A bit off topic, but this is a rare opportunity: John Cage’s 4’33”, four minutes and 33 seconds of silence (1952, ‘for large orchestra’), is being broadcast on Radio 3 some time after 20.35 Central European Time (just to quote the time zone I’m in myself – actually at the end of the concert – see programme). The Guardian assembled an impromptu orchestra and has put its own version online. Having heard the large amount of ambient noise there, I will be interested to hear the ‘official’ version, and sorry I can’t see the video being shown on the BBC of the orchestra recording the work. The Guardian apologizes:

bq. Obviously the accoustics in our London office are inferior to those at the Barbican, where tonight’s official performance takes place. None of us is a professional musician (though the deputy news editor was in a band once that went on tour with Radiohead), and nor did we have time to do much practice.

bq. Apologies also for the fact that the recording seems only to be four minutes long. We were a bit nervous and may have rushed through the piece somewhat.

Here’s the Radio 3 home site, where you can click on the link to listen (how do you tell if you’ve forgotten to click?)

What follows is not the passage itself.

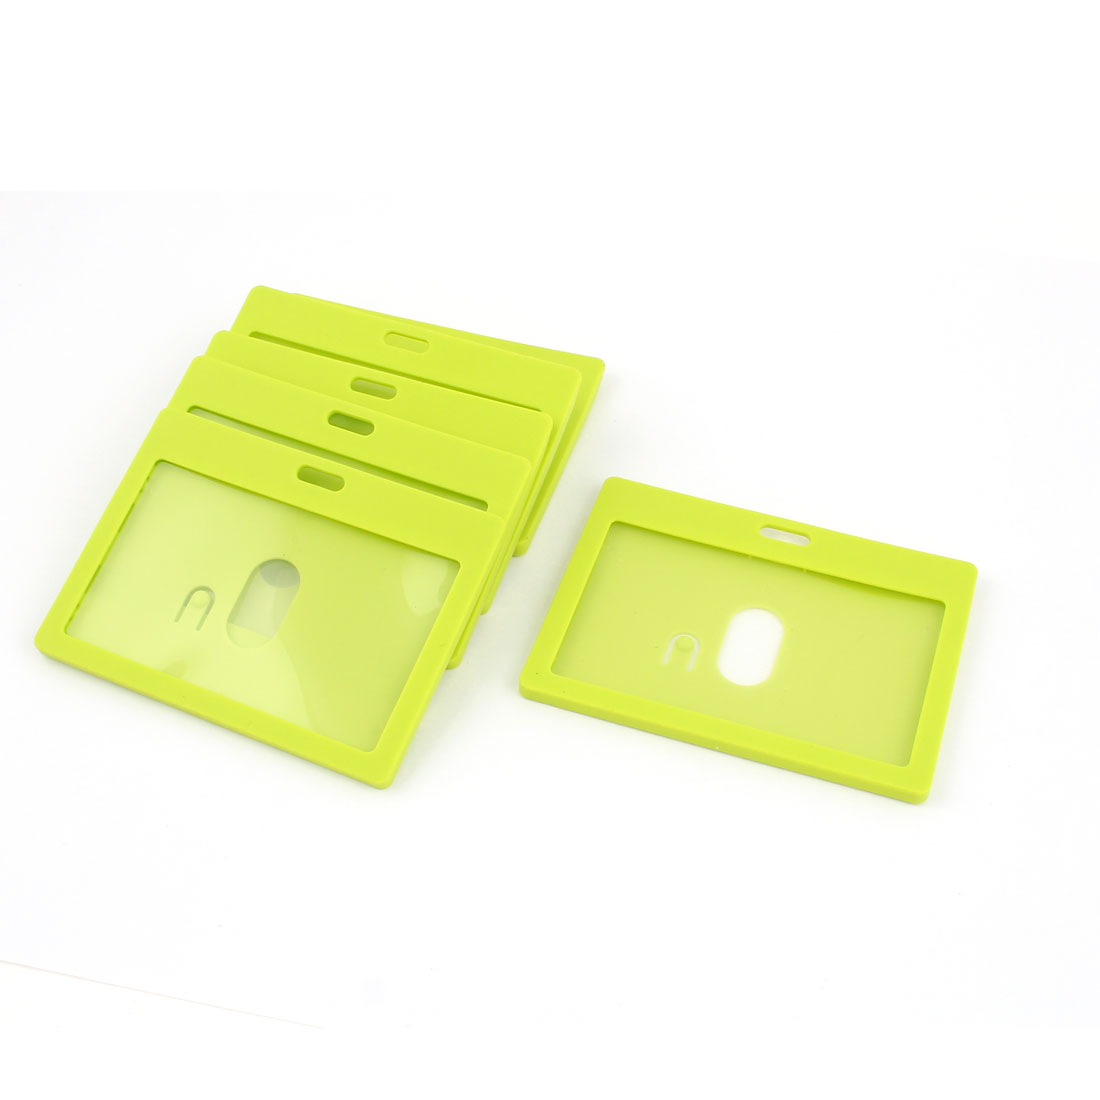 6pcs Green Plastic Horizontal School Work ID Holder Attachment Top 9cm x 5.4cm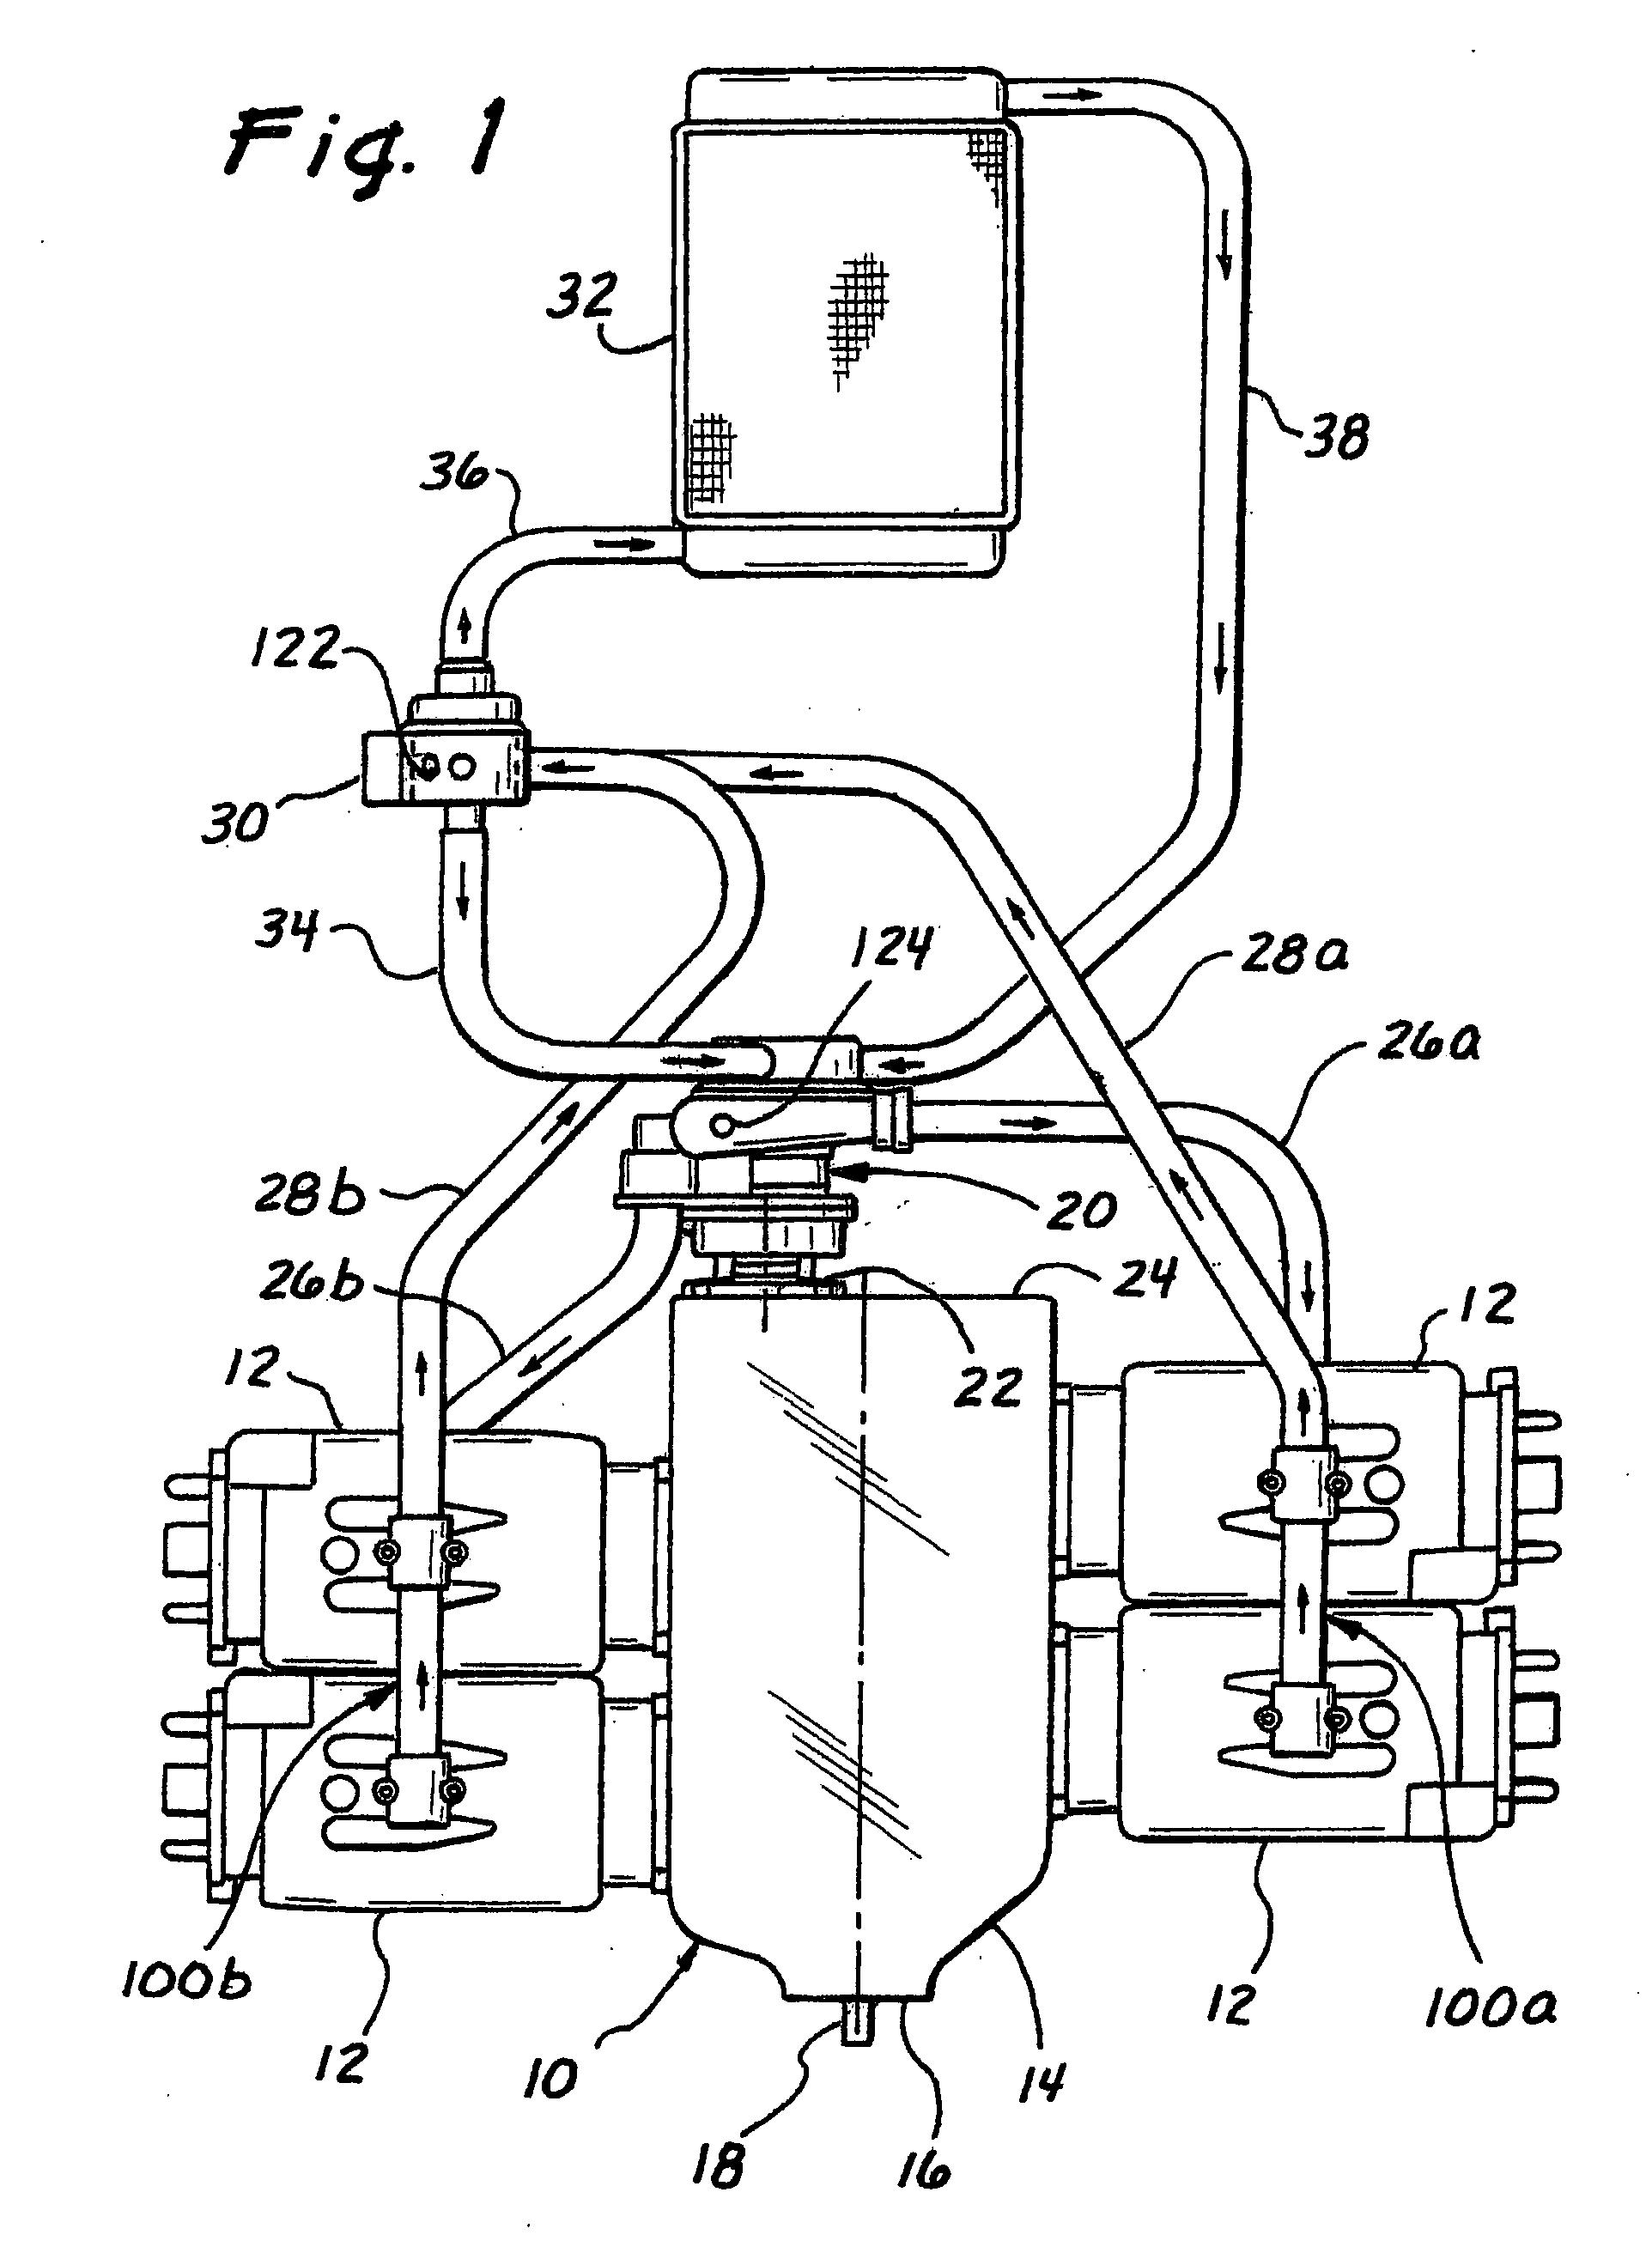 Spark Plug Wiring Diagram Io 360 Lycoming : 41 Wiring

LATER NOTE: I did hear the piece (so to speak). Apparently there are three movements, the length of each decided by the conductor. The noise was very different from that inthe Guardian performance: there was an outburst of coughing, which may have come at the end of a movement but there’s no way of knowing, and some more coughing at the end.

4 thoughts on “John Cage piece on radio this evening

  1. I was lucky enough to see/hear John Cage in concert the October before his death, and he performed an abbreviated version as an encore, believe it or not, to the scheduled pieces. It was incredible. Nothing as memorable as watching a wiry old man standing in the center of not-silence for a precise amount of time. You’re right, the ambient noise is everything.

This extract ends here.